Europe. I railed long and loudly enough against the impotence and fecklessness of a Europe unable to heed the appeal of those young Ukrainians who died clasping the blue flag of the Union not to acknowledge the fact that Europe nevertheless managed, in the latter part of the year, to assume its responsibilities and act appropriately. After the United States set an example, sanctions were agreed on. Even better, those sanctions were applied. Better still, they have produced real effects: the slide of the ruble, the tumble of the Moscow stock market, and massive capital flight. As once in South Africa, Serbia, and Iraq (and soon enough in Iran)—firmness paid off. Once again, and contrary to the self-serving myths of those who are running out of ways to justify their impulse to appease, this corollary of Clausewitz’s theorem has been demonstrated: economics is the continuation of politics and war by far better means.

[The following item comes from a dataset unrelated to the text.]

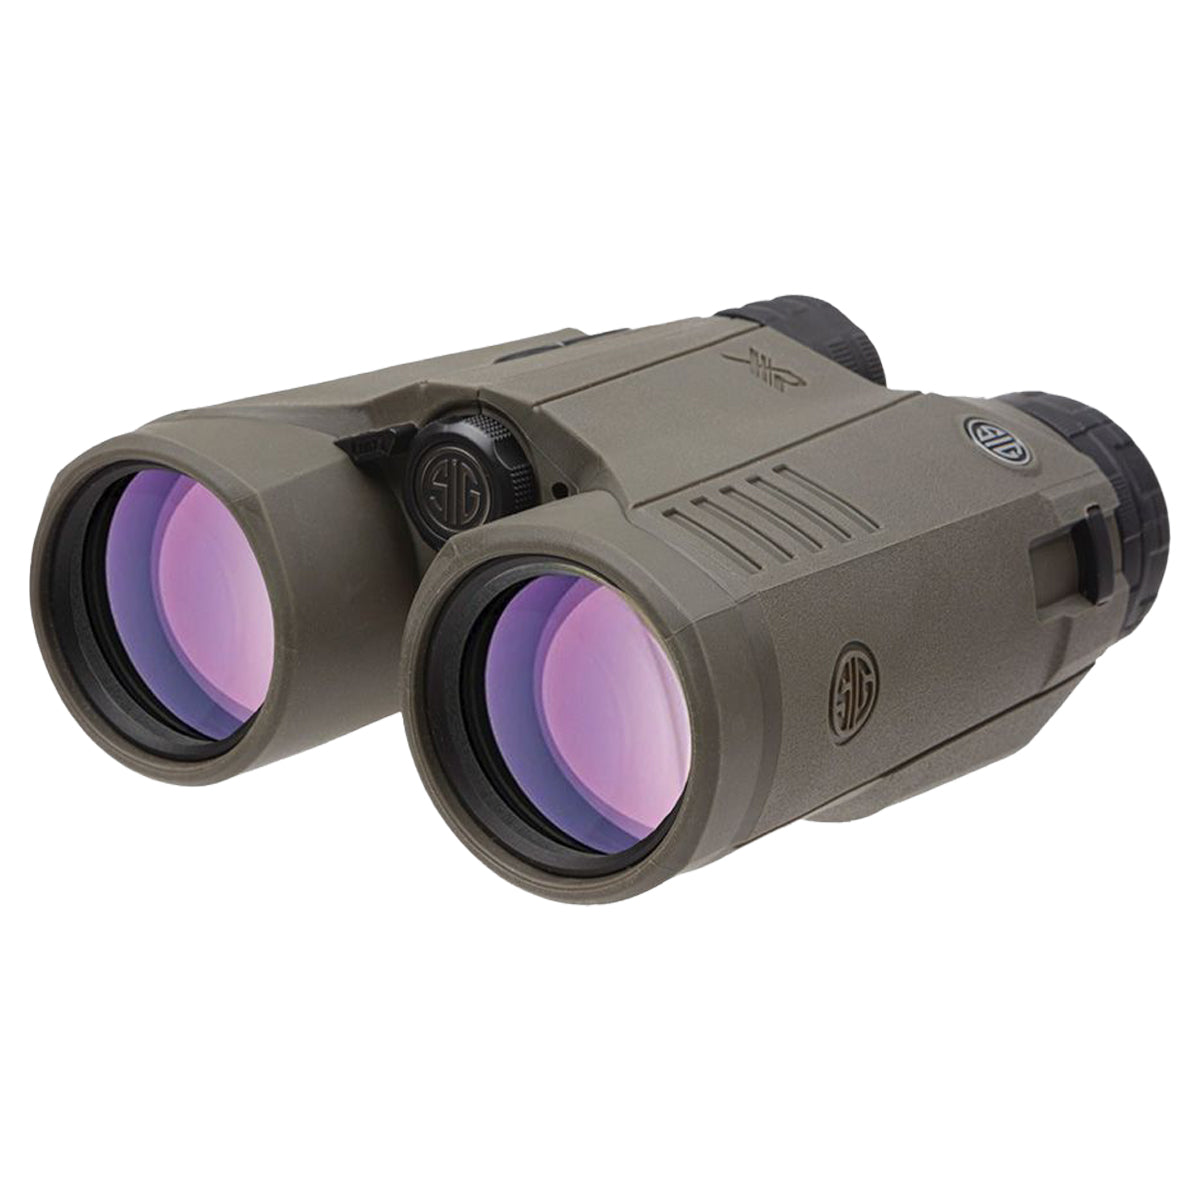 Sig Sauer KILO6K-HD 10x42mm Rangefinding Binocular in  by GOHUNT | Sig Sauer - GOHUNT Shop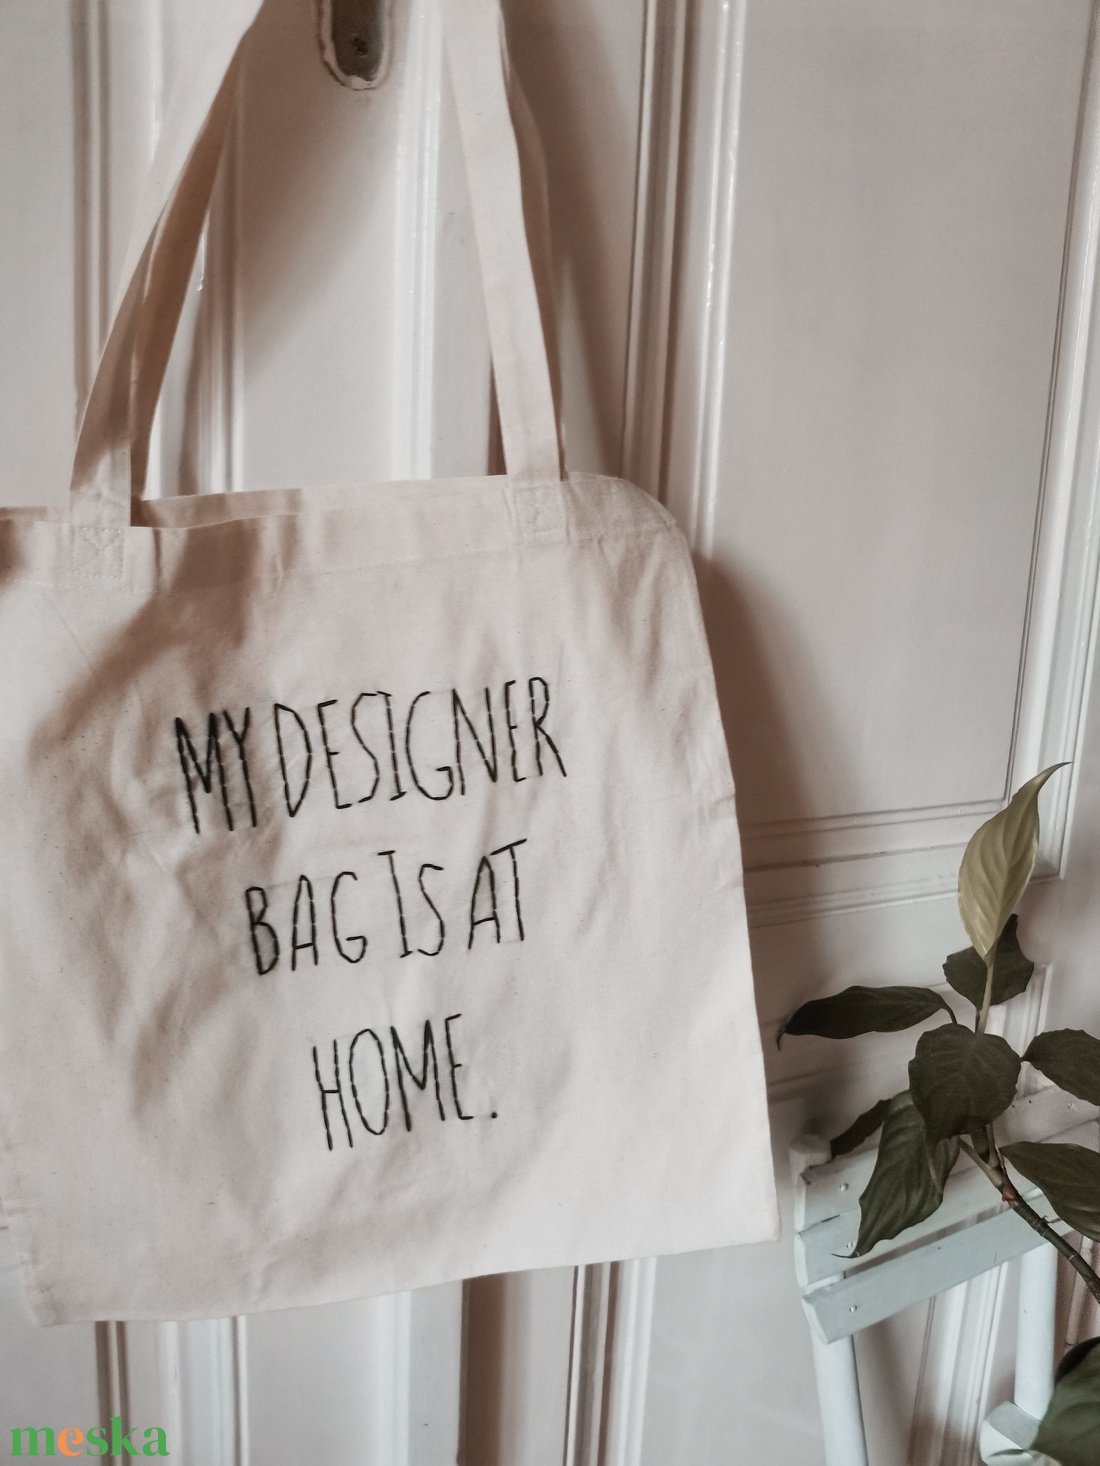 My designer bag is at home - táska & tok - kézitáska & válltáska - válltáska - Meska.hu

Putin, finally. I think back to the enthralled commentaries to which we were treated, in the United States and in Europe, at the very beginning of this chain of events. The chess master, said some; the master strategist, said others; the Russian soul personified and cast into an iron body, enjoined still others. A year later, where are we? Crimea is still occupied, of course. The Donbass region is aflame and bleeding. But the would-be emperor is naked. With his economy in ruins, no longer does he seem so impressive to so many. Russians are beginning to doubt the calculations of the old KGB man, who may have lacked the means necessary for his megalomania. And, as the Ukrainian parliament voiced its unanimous desire to join NATO, the twin visits to Kiev of those two pillars of Eurasianism dear to Putin’s heart, the presidents of Belarus and Kazakhstan, sounded what may be the death knell for his imperial project. Vladimir Putin finishes the year much worse off than he began it: weakened, in retreat, and, I believe, increasingly alone in his theater of shadows covered in ruins. 

Of course, the process still needs to play out. The ambitious Marshall Plan for Ukraine that I proposed several months ago in Vienna still needs to be implemented. But the wheel of fortune has turned. The Kremlin no longer speaks the language of destiny. Now, suddenly, we cannot rule out the possibility that 2015 will be the year of Ukraine’s victory.